### [What is needed]
Repeat the listing verbatim. Drop any pictures.

### [Provided material]
══════
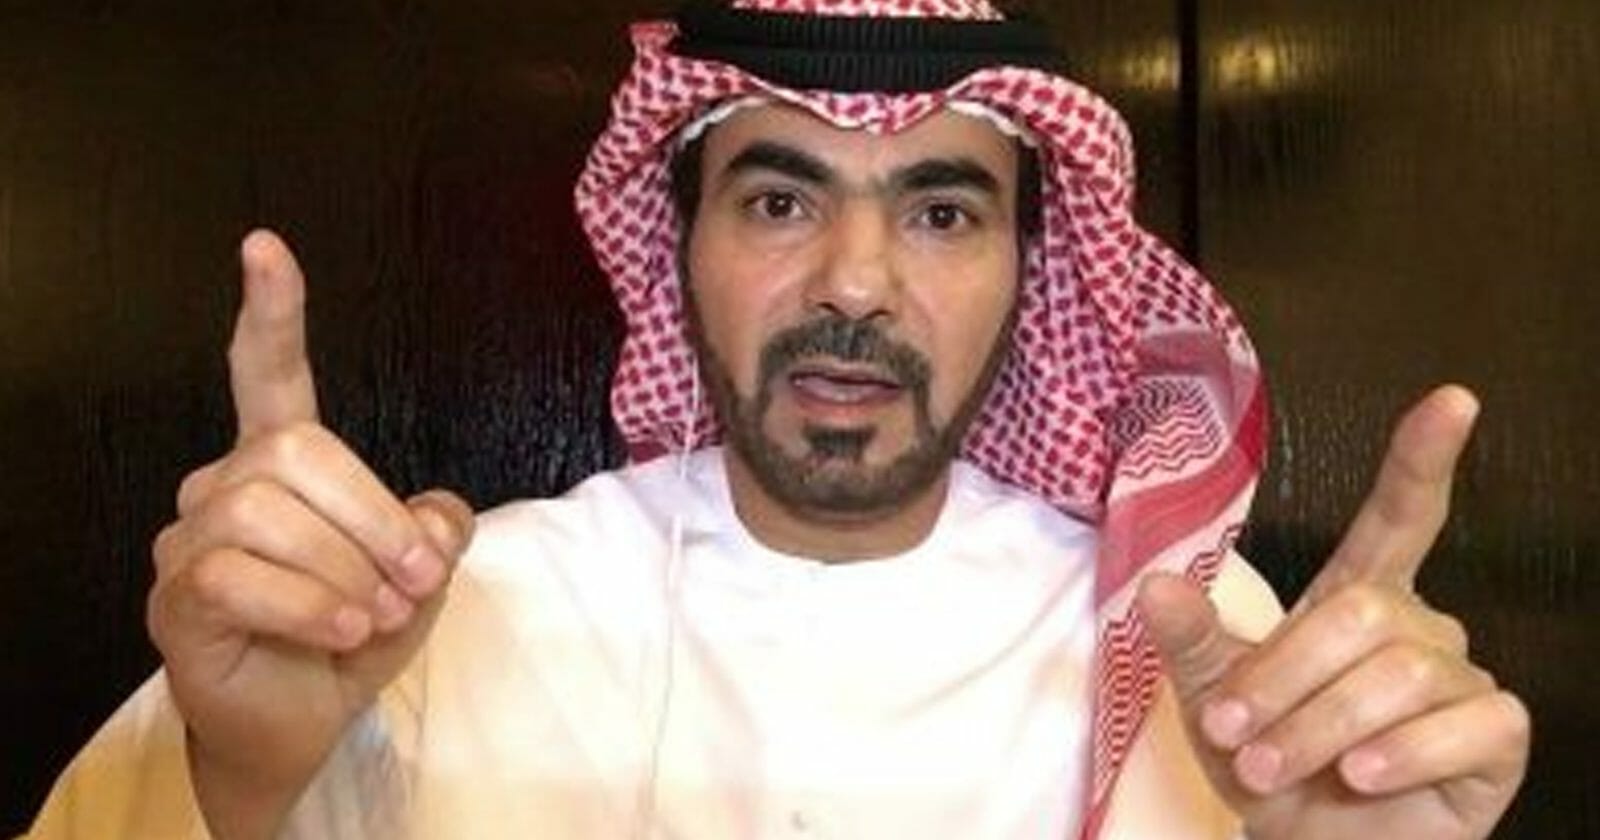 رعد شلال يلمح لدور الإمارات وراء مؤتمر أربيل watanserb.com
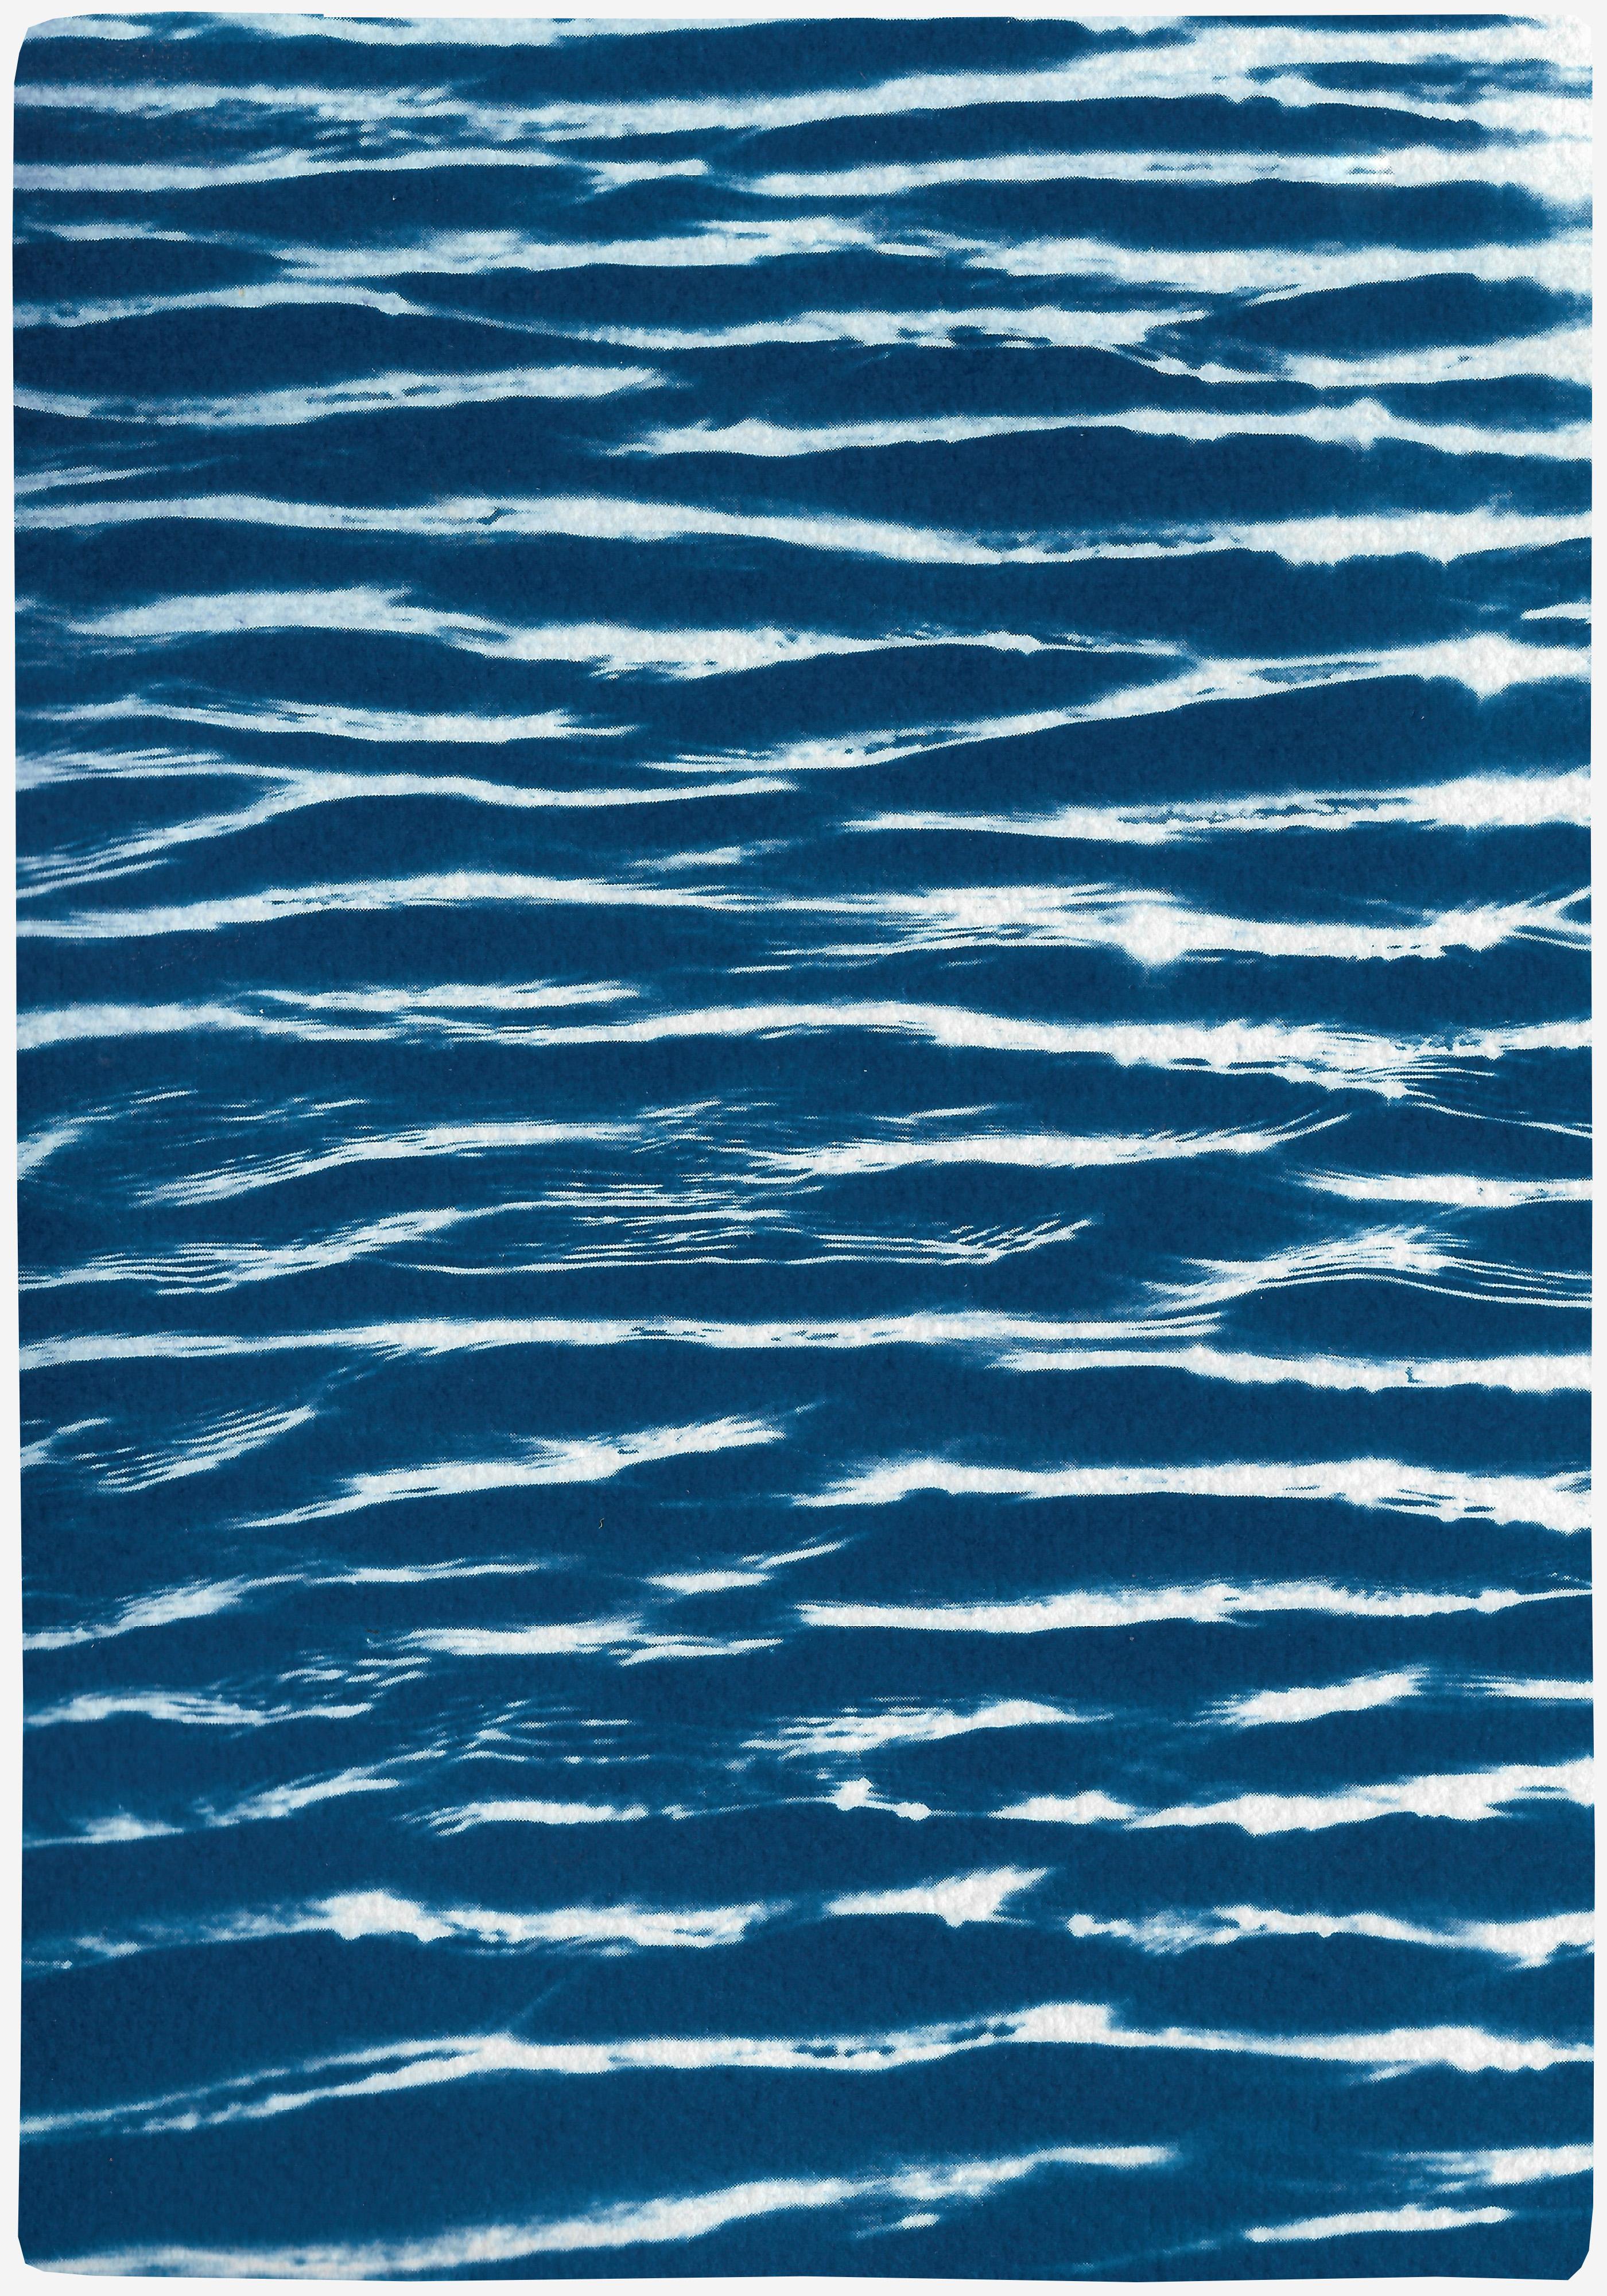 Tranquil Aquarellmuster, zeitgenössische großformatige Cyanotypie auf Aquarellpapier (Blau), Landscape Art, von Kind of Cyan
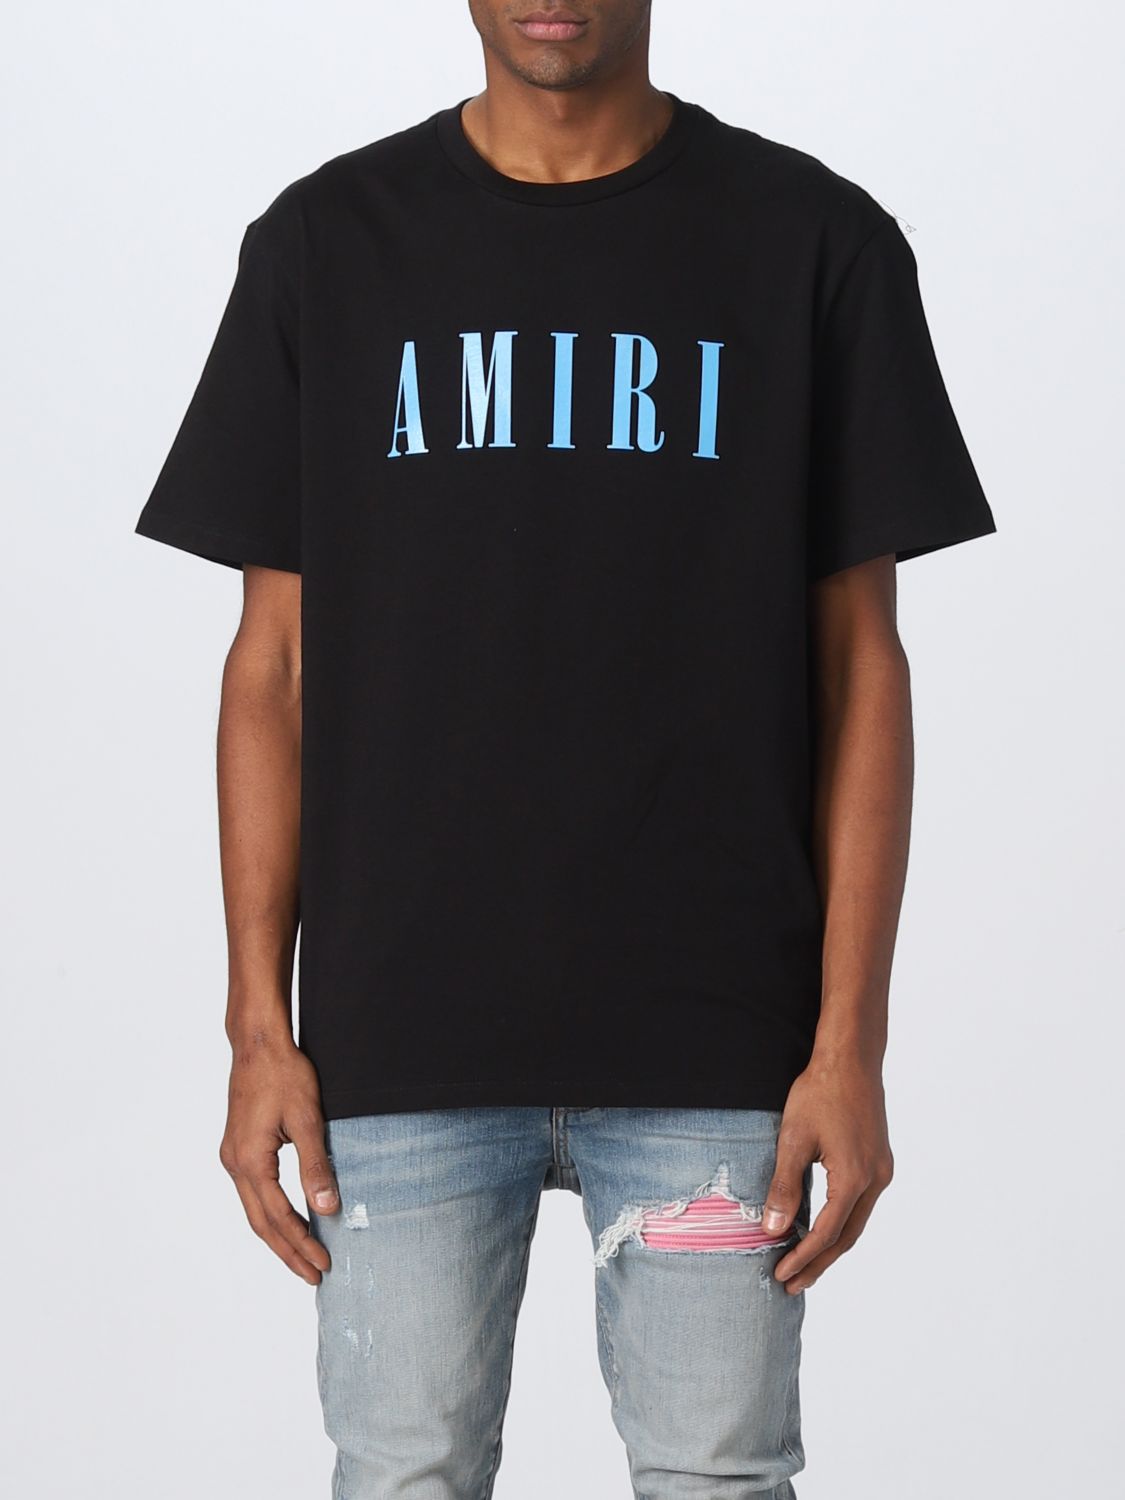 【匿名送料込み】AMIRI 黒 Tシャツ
══════
### [Answer section]
 رعد شلال يلمح لدور الإمارات وراء مؤتمر أربيل watanserb.com
 Tranquil Aquarellmuster, zeitgenössische großformatige Cyanotypie auf Aquarellpapier (Blau), Landscape Art, von Kind of Cyan
 【匿名送料込み】AMIRI 黒 Tシャツ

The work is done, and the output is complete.